Talented actresses Scarlett Johansson—who is in danger of overexposure with her third film in a year ("Lost in Translation," "The Girl With the Pearl Earring")—and Erika Christensen, who was electric in "Traffic," are totally wasted in this lamebrain project. Johnasson is the worldly "bad girl" with an absentee father who enjoys a multitude of young bed partners. Christensen is the pride of her over-achieving parents, who live vicariously through their daughter’s entrance to prestigious Brown University.

This predictable cross-section of American youth is rounded out by a well-scrubbed architect wanna-be with his sights on Cornell University, a dumb basketball jock intent on playing college hoops, a lovesick goof who wants in where his girlfriend is a co-ed, and a maniacal bottom feeder who is ranked last in the class.

Darius Miles, former NBA player for the L.A. Clippers, plays Desmond, the sub-par student who wants to play basketball at St.
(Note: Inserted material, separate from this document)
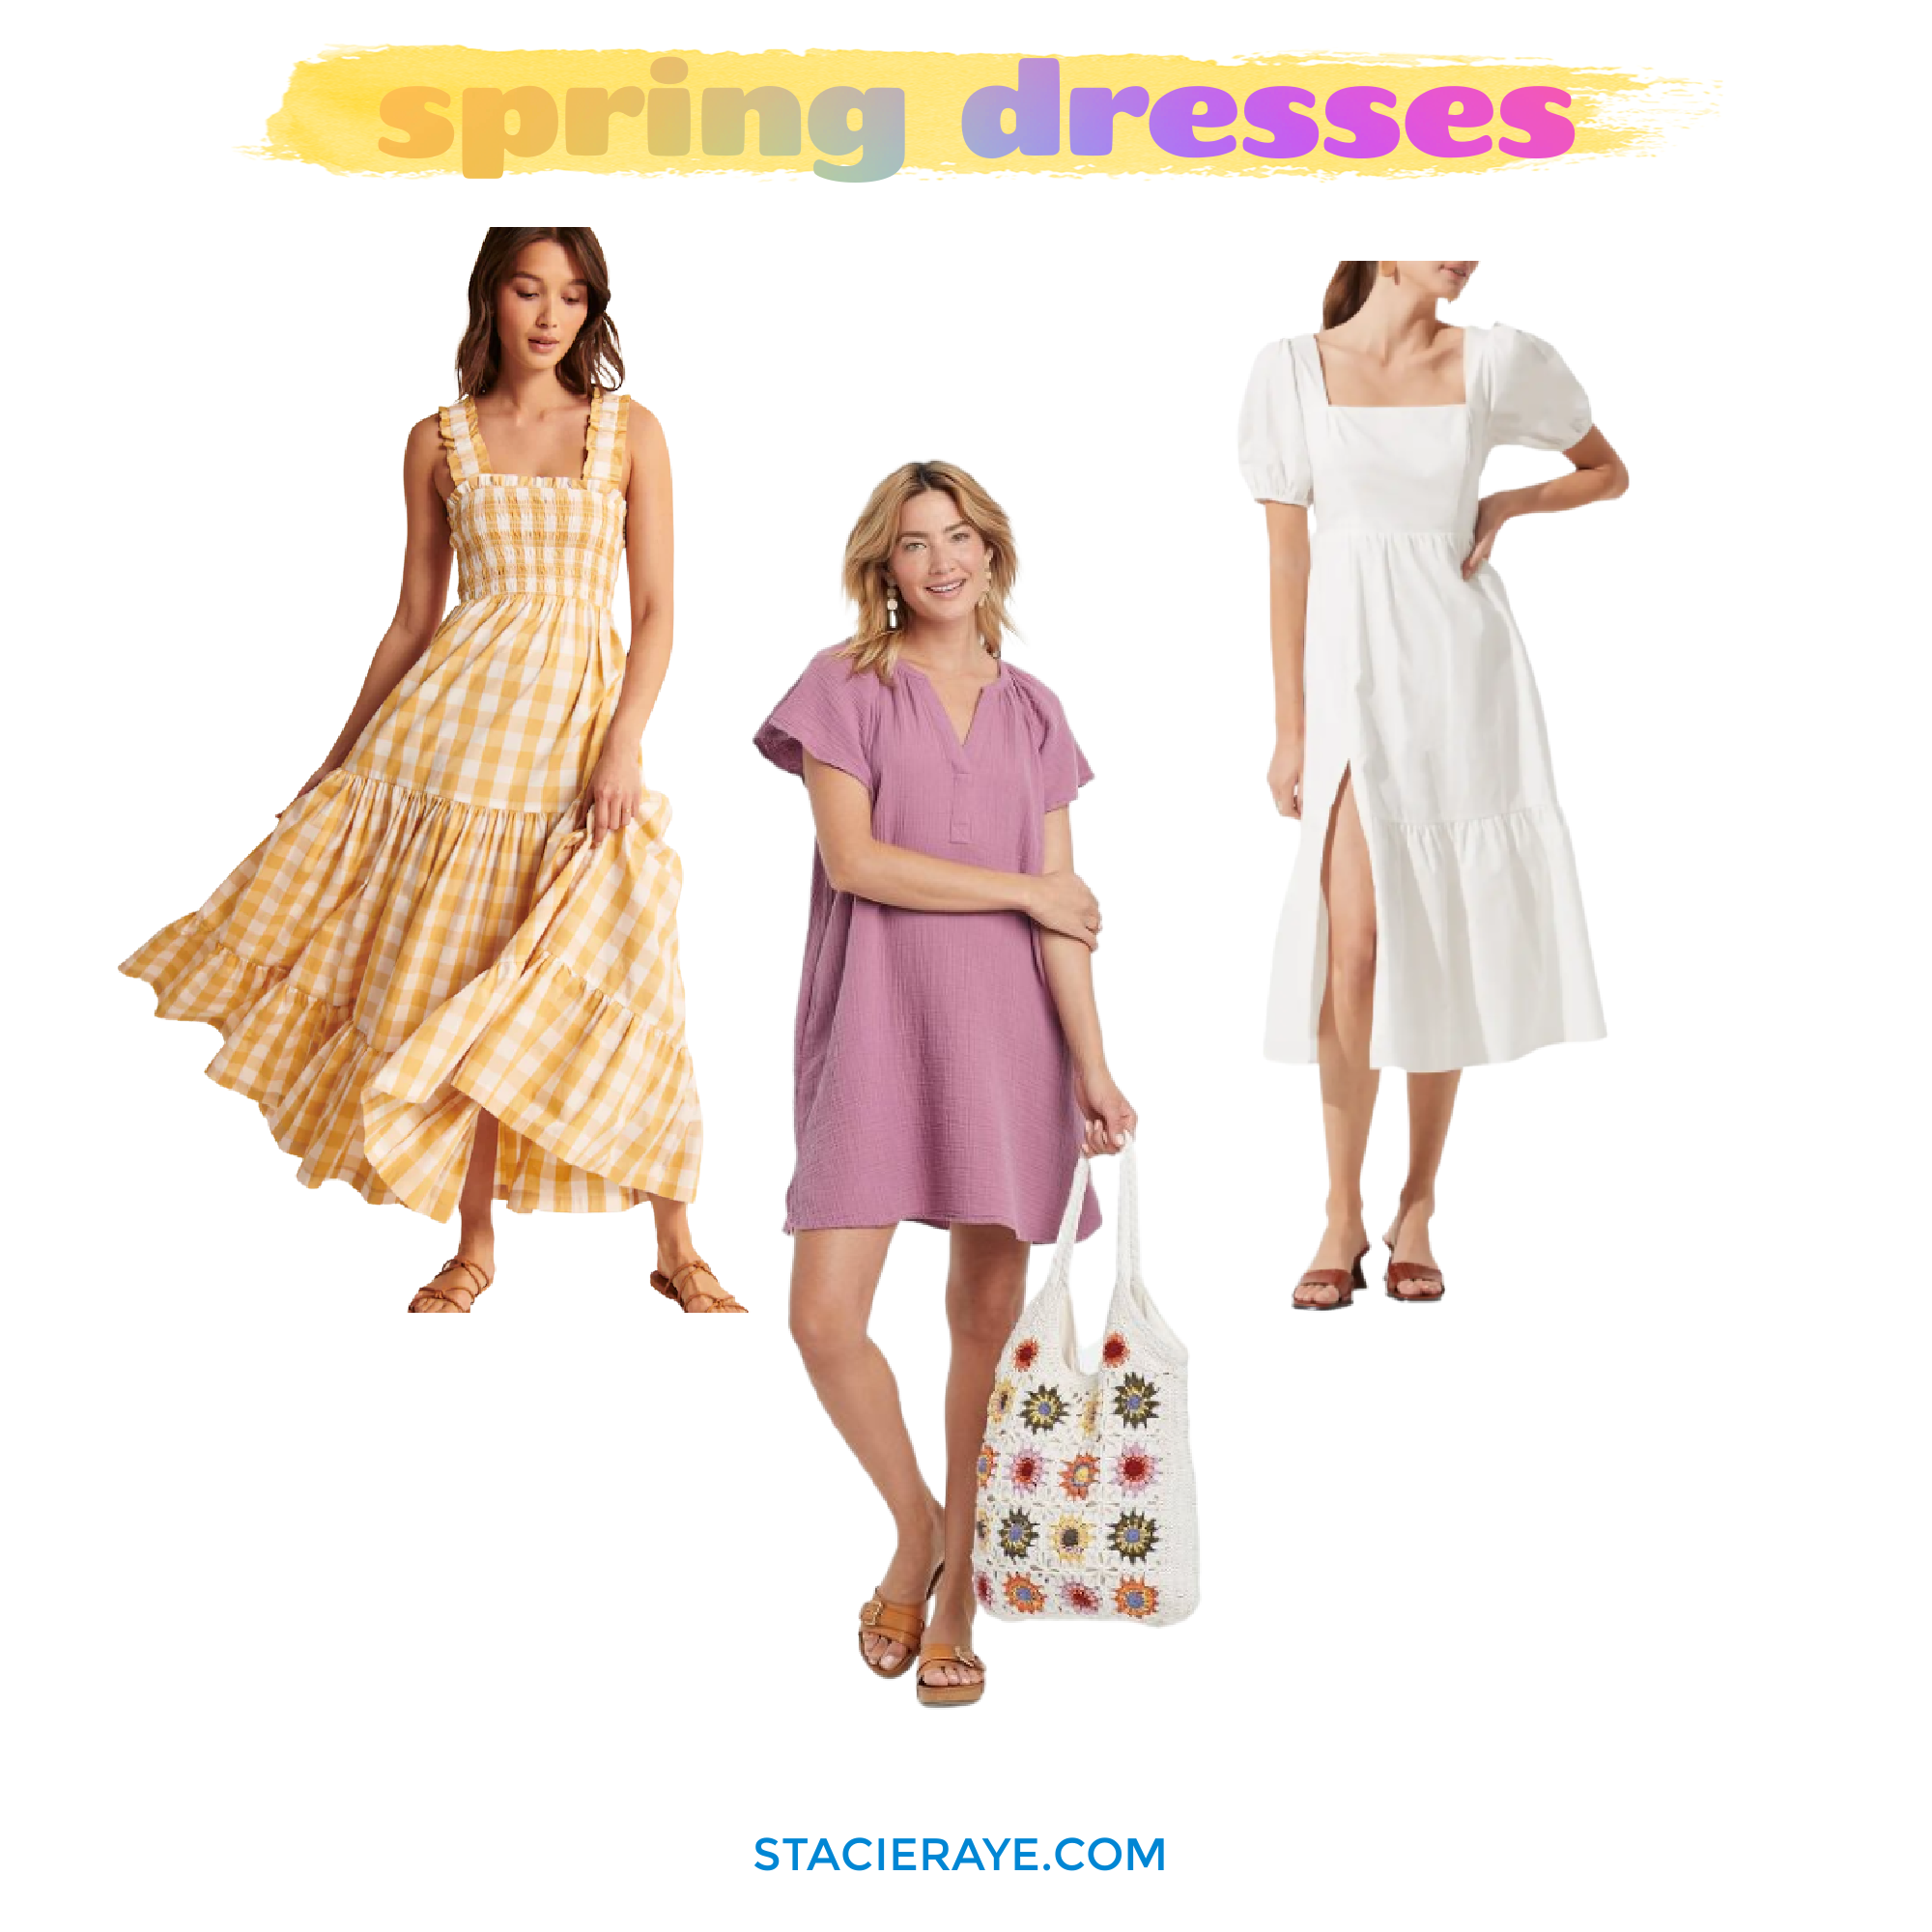 3 Dresses You Need this Spring - Stacie Raye

John’s University (a fact that somewhat parallels Miles’ life). Casting this young man is a grave mistake, his leaden, stilted performance further miring this already stagnant story in inertia.

What should have resembled a heist flick becomes silly, with its frequent heart-to-heart conversations between characters, just when they should be nervous about getting caught and the film’s tension level should rise. Instead, the story comes to a screeching, grinding halt as these teens get all touchy-feely.

The inclusion of "Scooby-Doo" veteran Matthew Lillard as Kyle’s older brother is laughable. Introduced as a wacko who doesn’t appear employed and whiles away the hours playing the guitar atop the washing machine, his transformation into the all-knowing brother who lends sound advice is not only inconsistent but also totally unbelievable.

The cast—with the exception of the amateurish Darius Miles—has potential. Too bad the script scored way below the national average.